(YOUR GOAL) Quote the entries below from the line with "Beach and Old" through the line with "Everything You Need", both ends included, and only those lines.

(DATASET RECORDS)

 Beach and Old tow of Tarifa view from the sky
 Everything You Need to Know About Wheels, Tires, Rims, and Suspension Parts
==
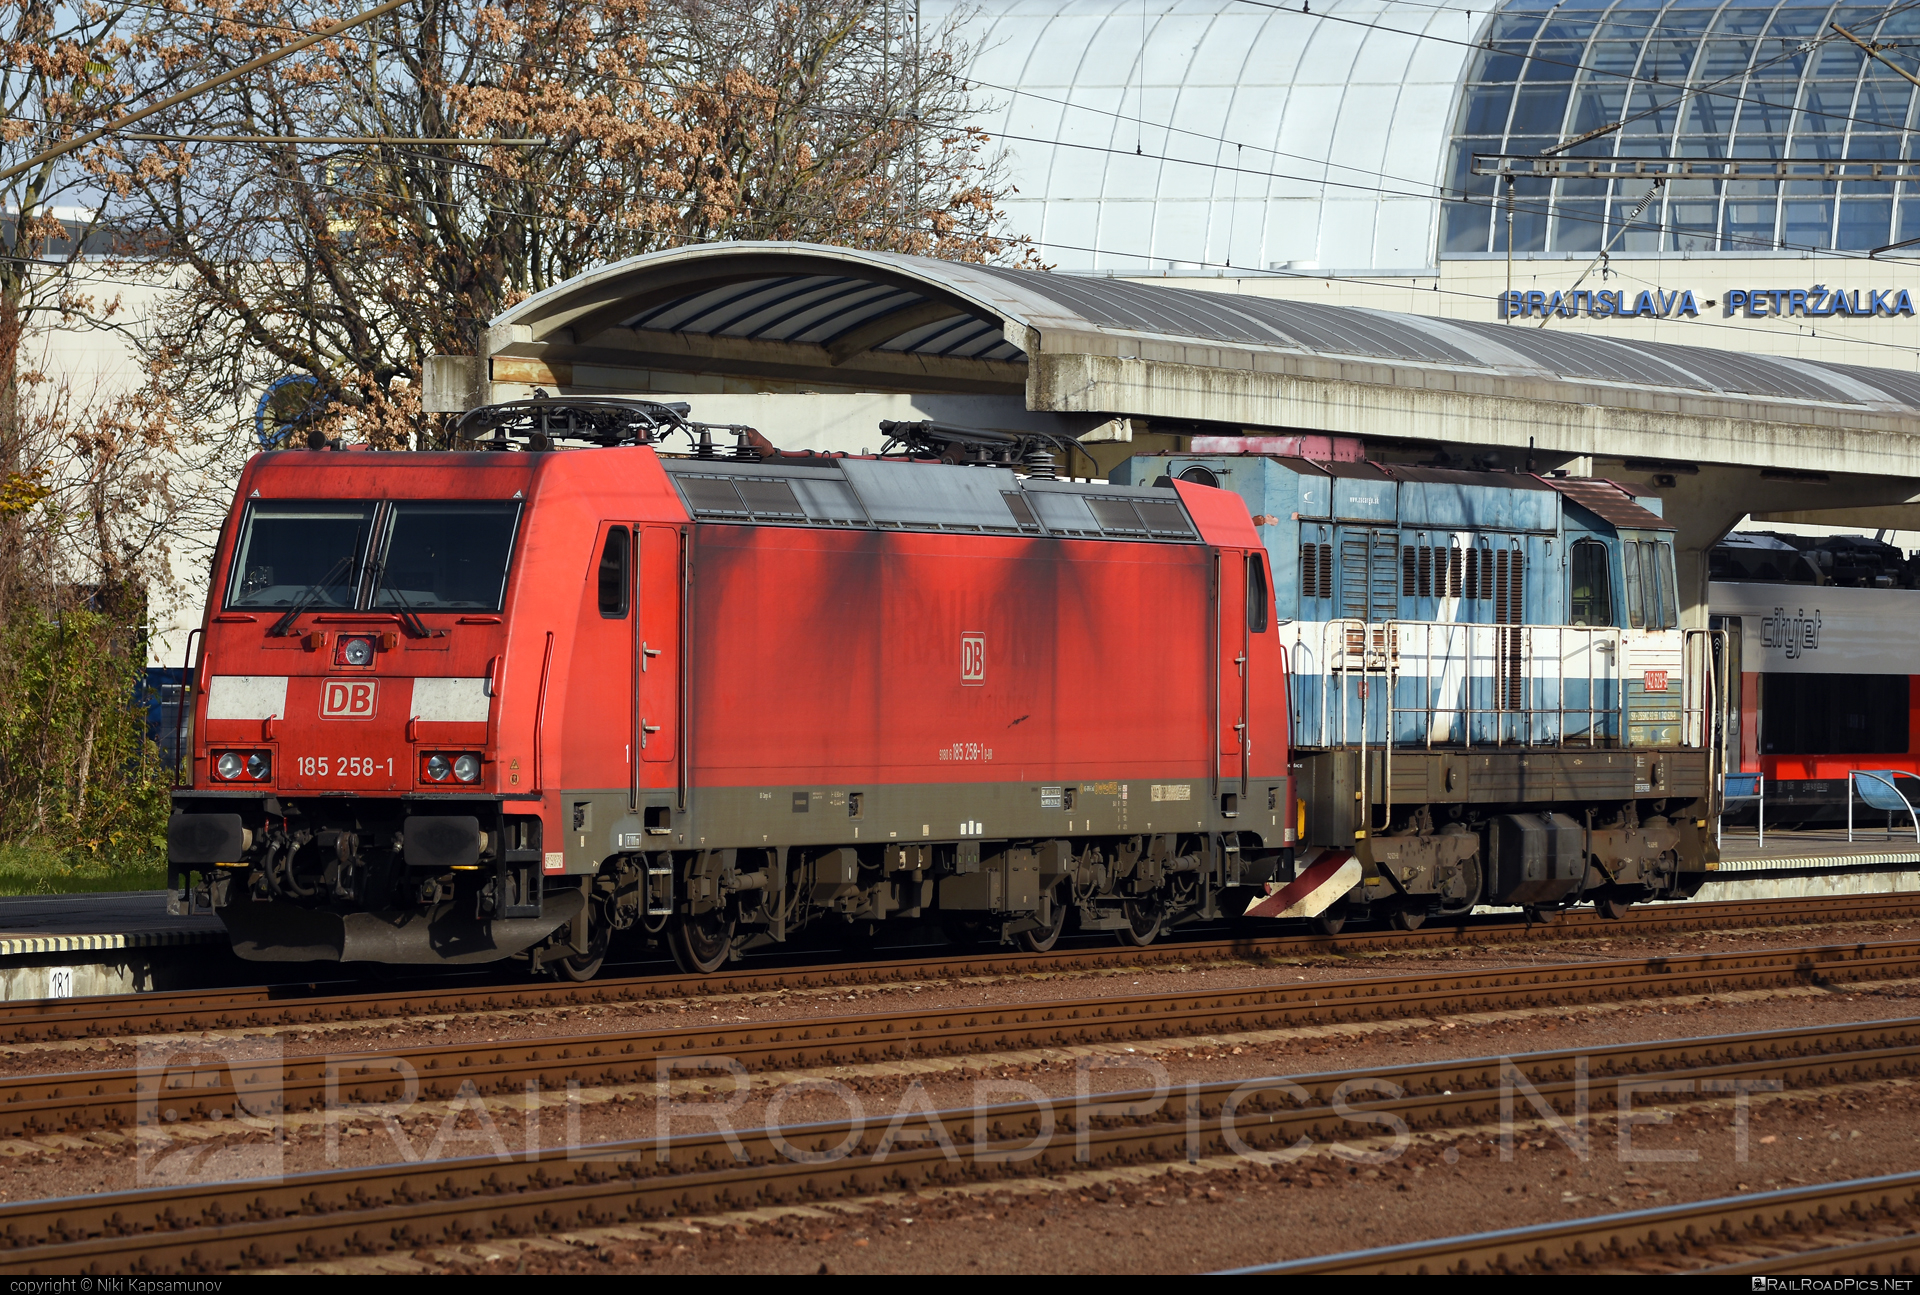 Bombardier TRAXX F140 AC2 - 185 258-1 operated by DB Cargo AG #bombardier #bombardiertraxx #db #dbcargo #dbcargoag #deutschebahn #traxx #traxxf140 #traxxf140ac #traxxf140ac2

(RESULT OF THIS TASK)
 Beach and Old tow of Tarifa view from the sky
 Everything You Need to Know About Wheels, Tires, Rims, and Suspension Parts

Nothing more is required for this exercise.